::: Data section :::
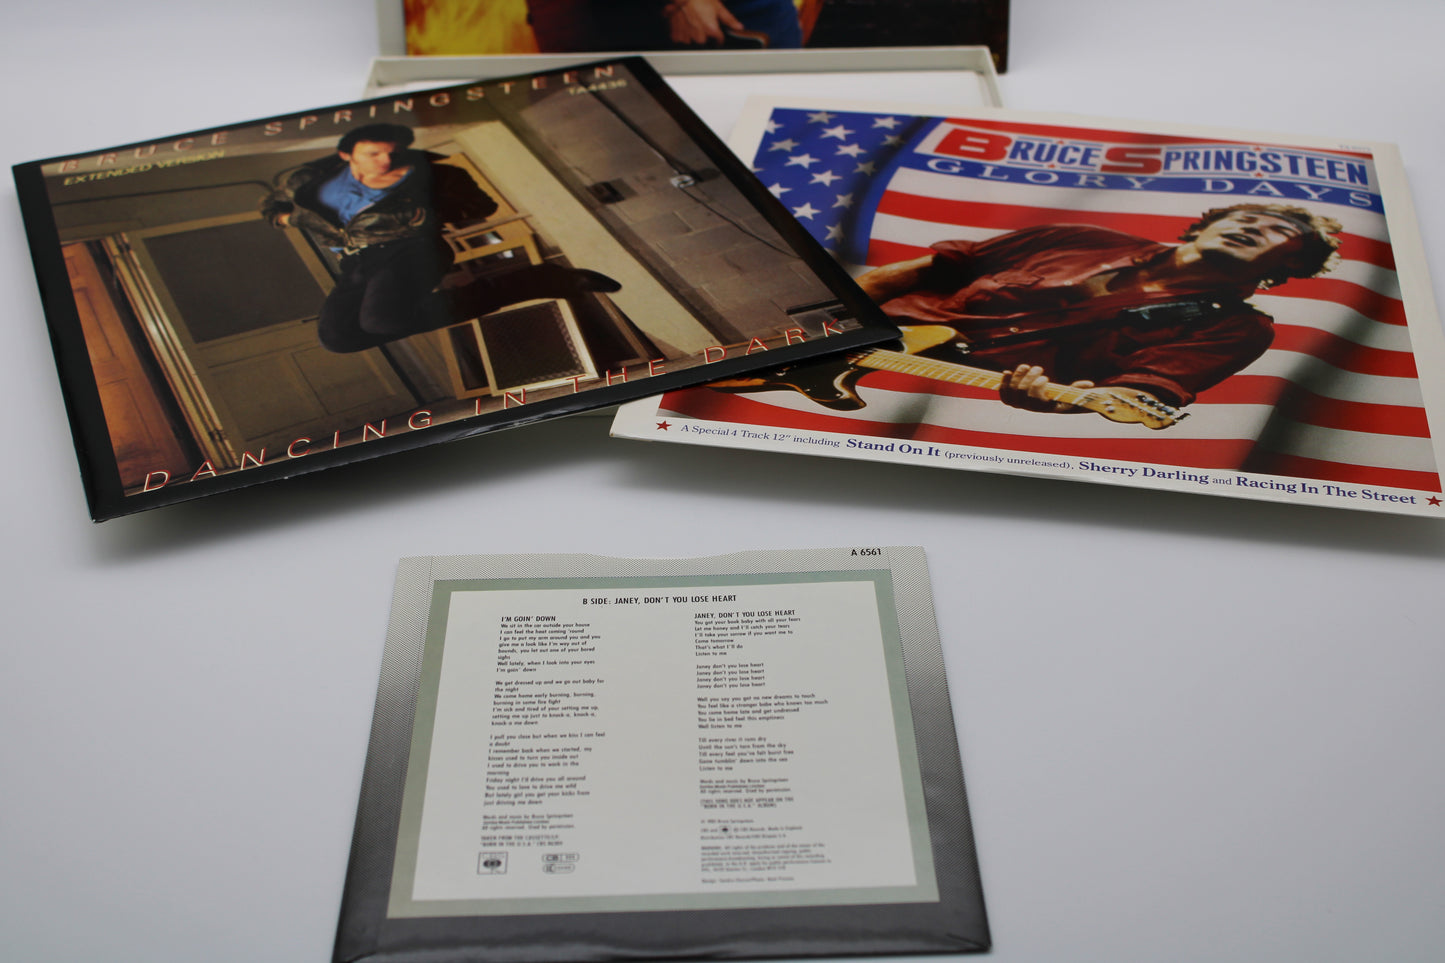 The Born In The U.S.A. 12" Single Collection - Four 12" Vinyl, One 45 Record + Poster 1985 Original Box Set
:::
::: Data section :::
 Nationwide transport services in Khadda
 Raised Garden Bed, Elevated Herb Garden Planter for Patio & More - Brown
:::
**What you need to do:**
From the records above, transcribe exactly the run of lines that opens with the line holding "Nationwide transport services in Khadda" and closes with the line holding "Raised Garden Bed, Elevated", both included.

**Solution to this problem:**
 Nationwide transport services in Khadda
 Raised Garden Bed, Elevated Herb Garden Planter for Patio & More - Brown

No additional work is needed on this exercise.